By Harry Sutton ’20
40 years ago at a New England boarding school like The Gunnery, the student body would be almost entirely composed of relatively local kids from the Northeast. Between then and now, society has been exponentially globalized. Progress in transportation, technology, and more have made countries from all across the world profoundly more connected with each other.
For the school year of 2019/2020, The Gunnery was made up of 20% international students, be it Australia, Vietnam, or Cameroon, students from across the globe traveled to our rural campus in Washington, Connecticut last fall. No matter what country these students were from, none of them expected that the final third of their academic year would be spent on their computers due to one of the worst pandemics in modern history.
On Monday, March 30, 2020, The Gunnery began to move to online classes with Zoom. For day students and others who live on the East Coast, school begins each day at 8:00 AM and ends at 12:00 PM. This system is targeted to be ideal for as many of The Gunnery’s students as possible, but with so many time zones being used across the student body, the time constraints are very difficult to adapt to for some students. For example, some of the Chinese students who have returned home to Shanghai or Beijing have to start their classes at 8:00 PM and end at midnight.
We were able to get some insight from Coco Schweyer ‘21, who made it back home to Germany, Danny Wang ‘20, who is currently at home in Beijing after having to spend time in a hotel; Leah Coley ‘22, who is keeping in touch with The Gunnery from California; and Grace Robinson ‘21, who is in Brisbane, Australia where the time zone is 14 hours ahead of EST.
Coco said that she was certainly sad that her only year at The Gunnery was cut short, but that she believes “online classes are a good way to stay connected and continue with the classes.” As part of a program where German students can spend one year at The Gunnery, Coco would have loved to spend her full year in Washington, Connecticut, but was impressed as to how well the online classes actually worked. Coco is able to tune into every class because in her time they ordinarily take place from 2 PM to 6 PM, which definitely cuts into her day, but is manageable.

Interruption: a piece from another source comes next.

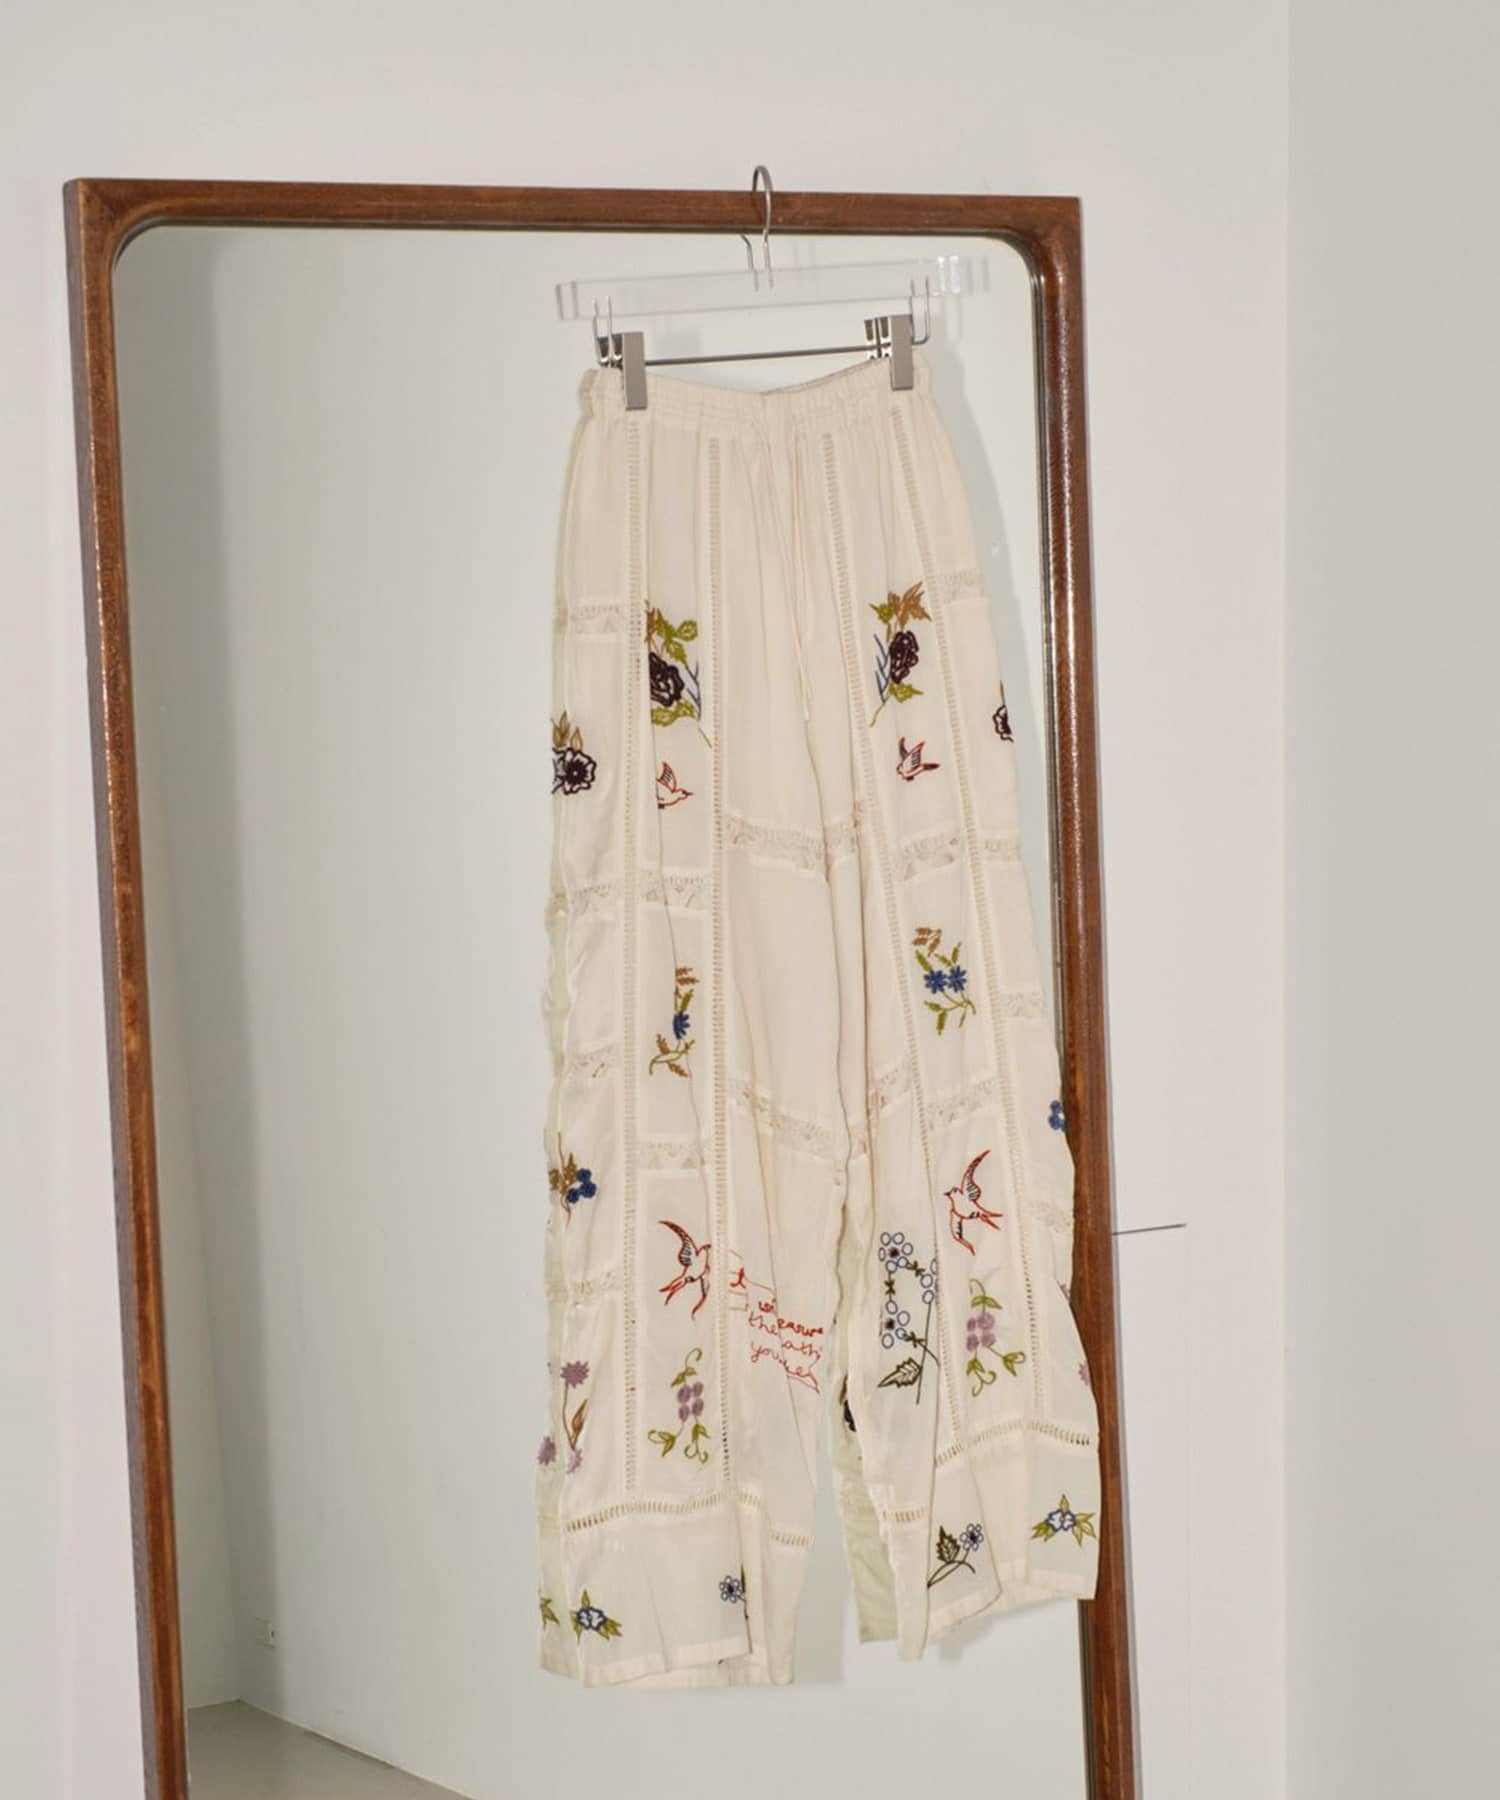 公式サイト購入した正規品ですTODAYFUL Embroidery Patchwork Trousers36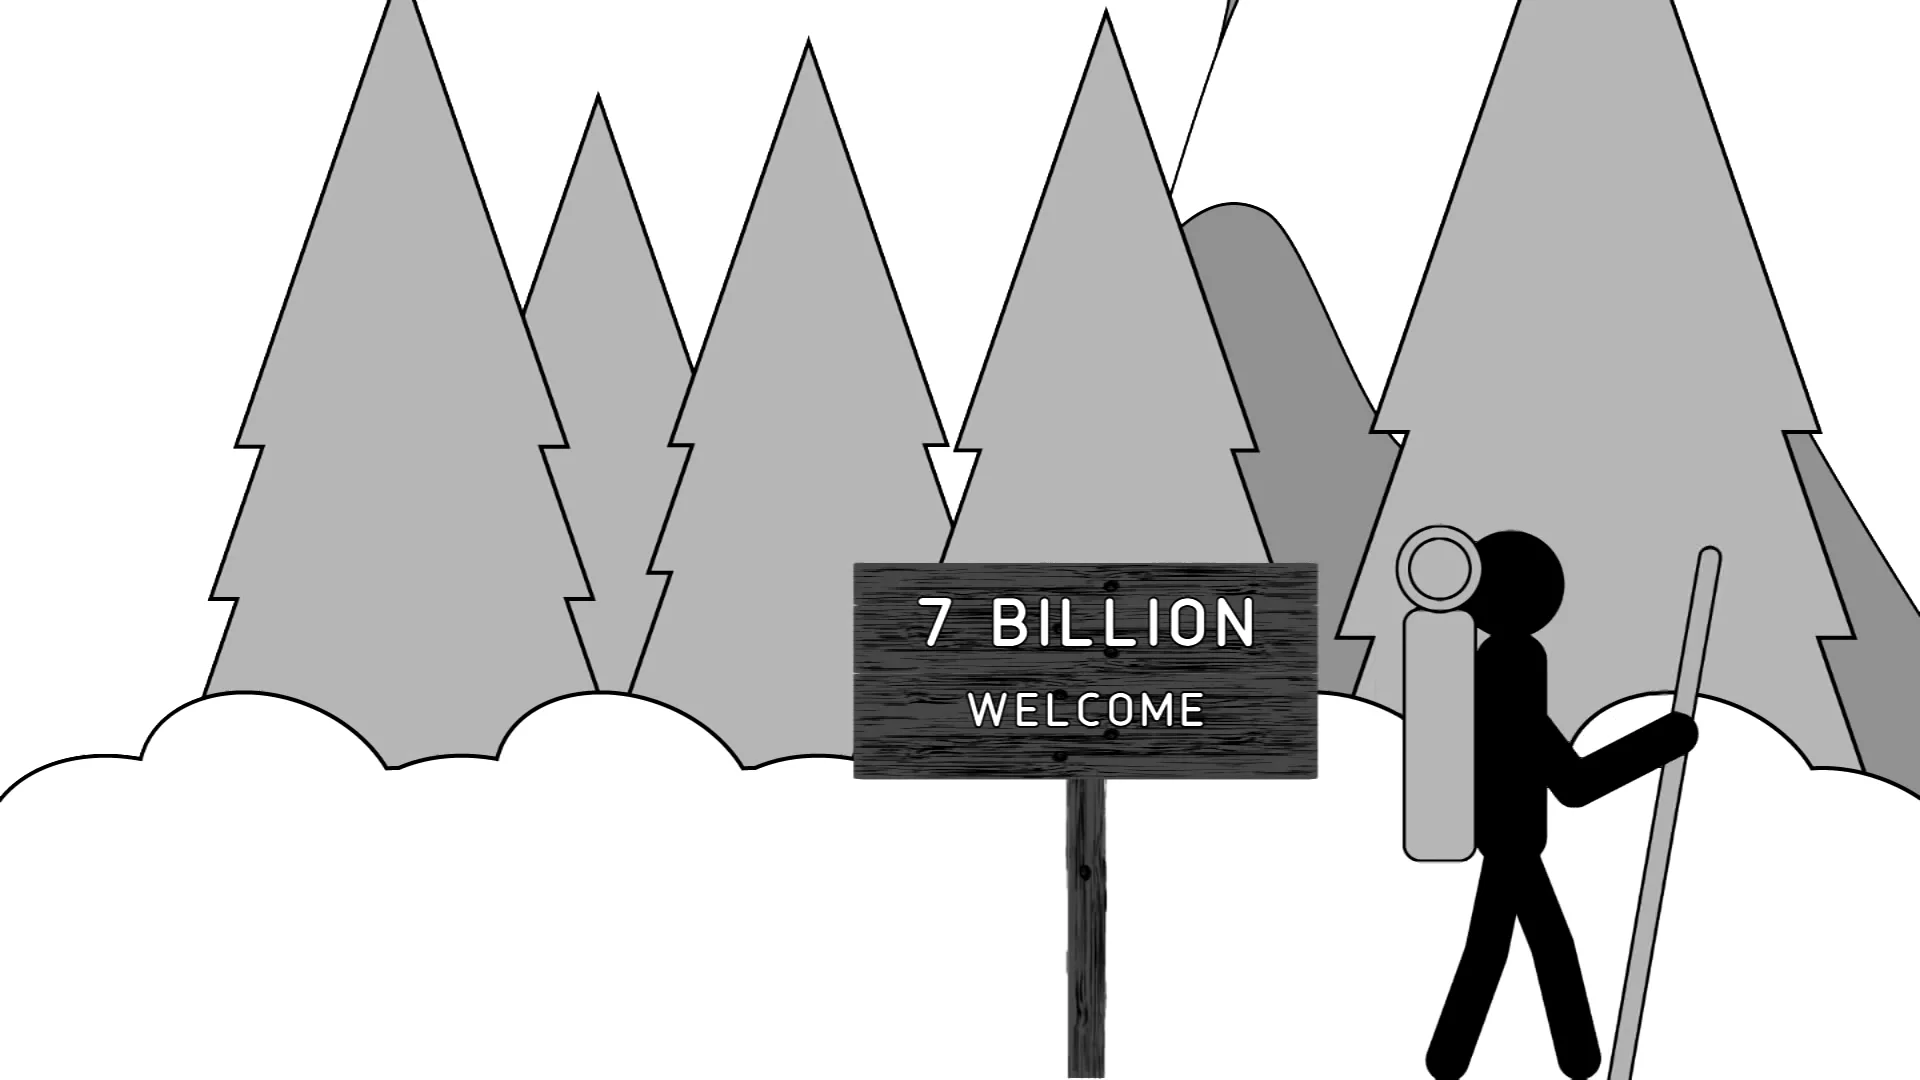 1 billion people. 7 Billion people.

Senior Daniel Wang took this change with the most optimistic disposition possible, saying that it “serves as a reminder for me to continue to learn wherever I go, whether it is in Gunnery, my AirBnB, or at home.” Daniel treated the change as an opportunity to try to learn no matter what the circumstances are. He thinks the transition to Zoom classes was the best thing that The Gunnery could have done considering its options and supports the move. However, Daniel’s classes ordinarily take place from 8 PM to 12 AM, meaning he gets “sleepy at night especially [during] those classes from 11 to 12.” He has changed his daily routine to take a nap around midday in order to gain energy for nighttime classes.
Daniel maintains an optimistic outlook on Zoom classes despite having missed his French and Environmental classes a few times due to a block that China puts on the internet, which denies him access to Google, Highlander Nation, Netflix, and much more. He had to stay at a hotel for two weeks during quarantine with Wi-Fi that is “five times worse than Gunnery wifi” and had trouble tuning in to Zoom. After Daniel returned home, he was able to start attending classes to the full extent, but during his time at the hotel, his internet could not keep up with the demand that Zoom takes. Despite major struggles with the internet and online classes, Daniel has kept a very positive opinion of this transition to Zoom and recommends that The Gunnery introduces an online advisor lunch.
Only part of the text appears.